I have the data that working on Multi-Layer Perceptron architecture looks like this
X_train_feature.shape
(52594, 16)
X_train_feature[0]
array([1.18867208e-03, 1.00000000e+00, 8.90000000e+01, 8.00000000e+00,
0.00000000e+00, 0.00000000e+00, 0.00000000e+00, 0.00000000e+00,
0.00000000e+00, 0.00000000e+00, 0.00000000e+00, 0.00000000e+00,
0.00000000e+00, 0.00000000e+00, 0.00000000e+00, 0.00000000e+00])
y_train
(52594, 2)
y_train[0].toarray()
array([[0., 1.]])
By the first dimension: number samples and the second: for the X_train is the number of features and in the y_train is one-hot encoder.
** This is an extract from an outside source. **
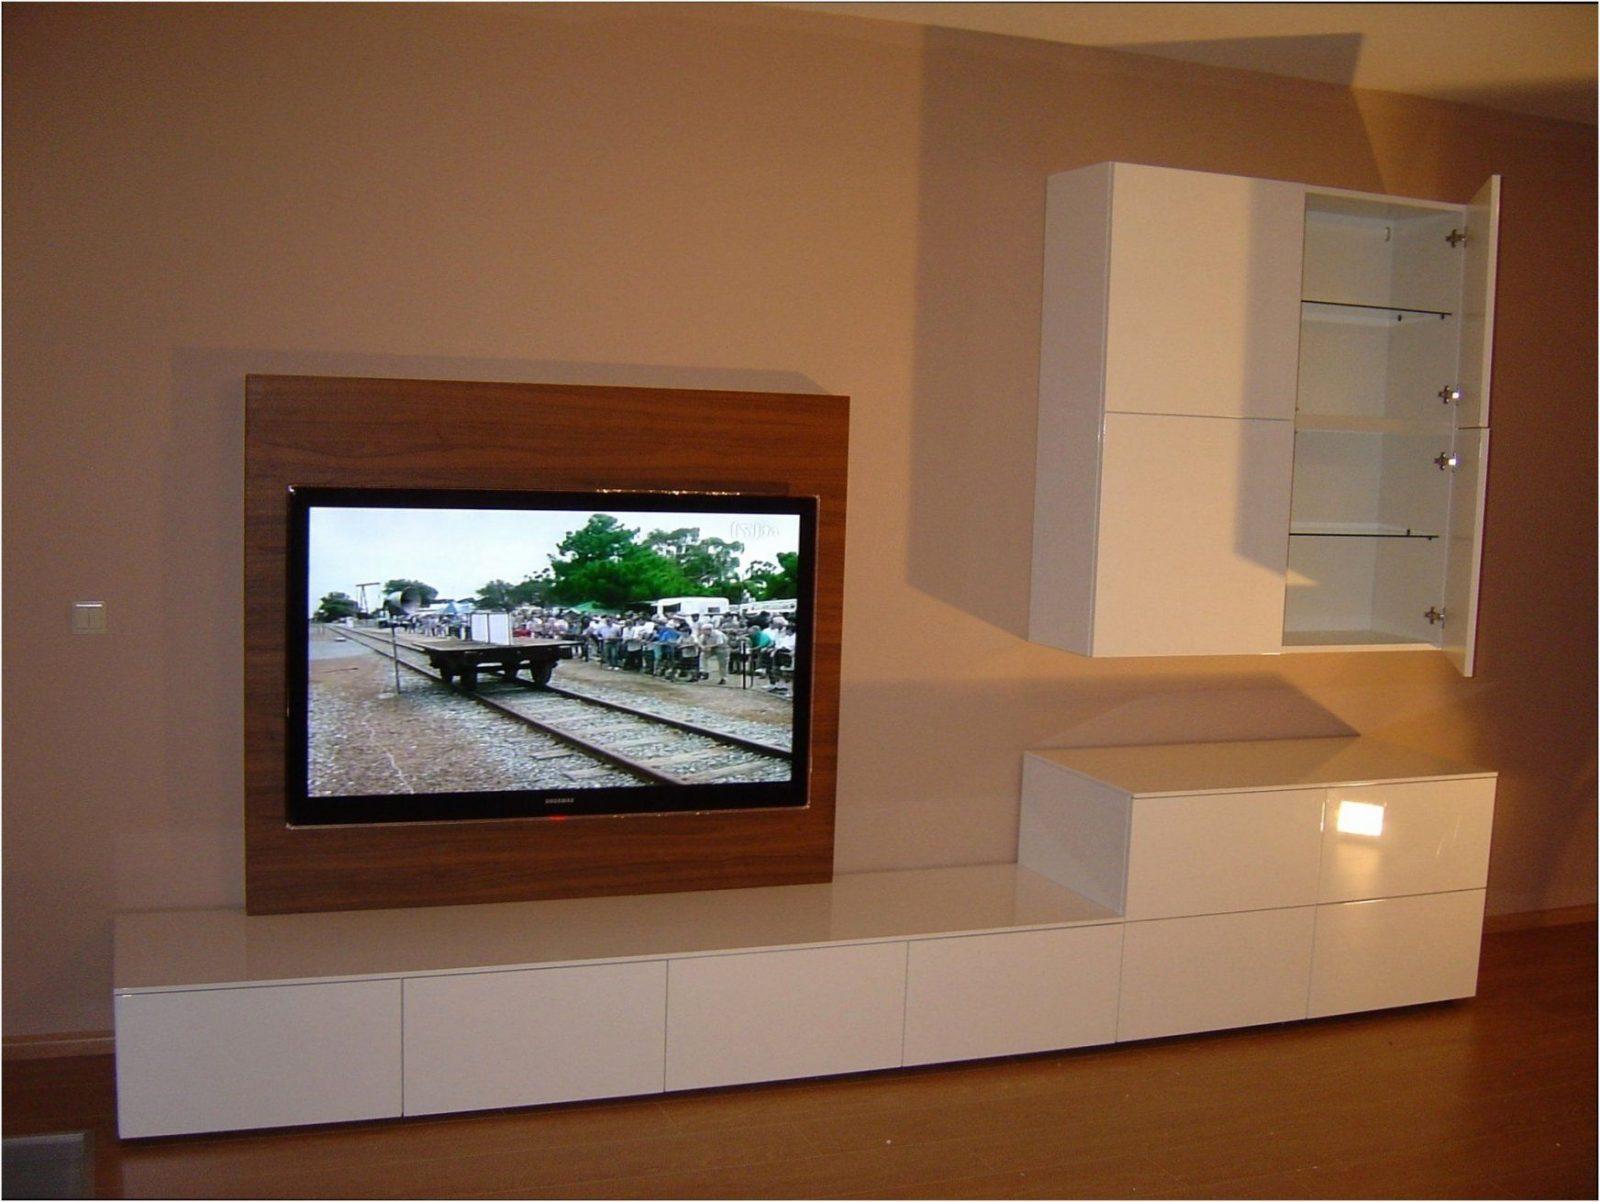 tv wand selber bauen ideen und auch genial mobel akzent tgdarkly von tv wand selber bauen ideen. Black Bedroom Furniture Sets. Home Design Ideas

And I want to use the same data on LSTM/Bi-LSTM, so I copy the code from the internet and change a input value to same as MLP
def define_model():
model = Sequential()
model.add(LSTM(20, input_shape=X_train_feature[0].shape, return_sequences=True))
model.add(TimeDistributed(Dense(1, activation='sigmoid')))
model.compile(loss='categorical_crossentropy', optimizer='rmsprop', metrics=['accuracy']) # compile
print('Total params: ', model.count_params())
return model
But When I try to create a model the error about input shape will be append
model = define_model()
ValueError: Input 0 is incompatible with layer lstm_30: expected ndim=3, found ndim=2
What should I need to adjust my data to apply on LSTM or I need to change an architecture config? Thank you so much.
LSTM (unlike a perceptron) is not a feed-forwarding network. It needs a history to predict the next point. So, a proper input tensor to a LSTM should be of shape (timesteps, num_features)
meaning that each sample is a sequence of timesteps
observations such that the cell state is initiated in the first observation of the sequence and goes through the entire sequence.
Therefore, the input tensor should have the shape (num_sequences, seq_length, num_features)
where:
num_sequences
: number of samples, i.e. how many sequences do you have to train the model?
seq_length
: How long these sequences are. for variable-length sequences, you can supply None
.
num_features
: How many features does have a single observation in a given sequence?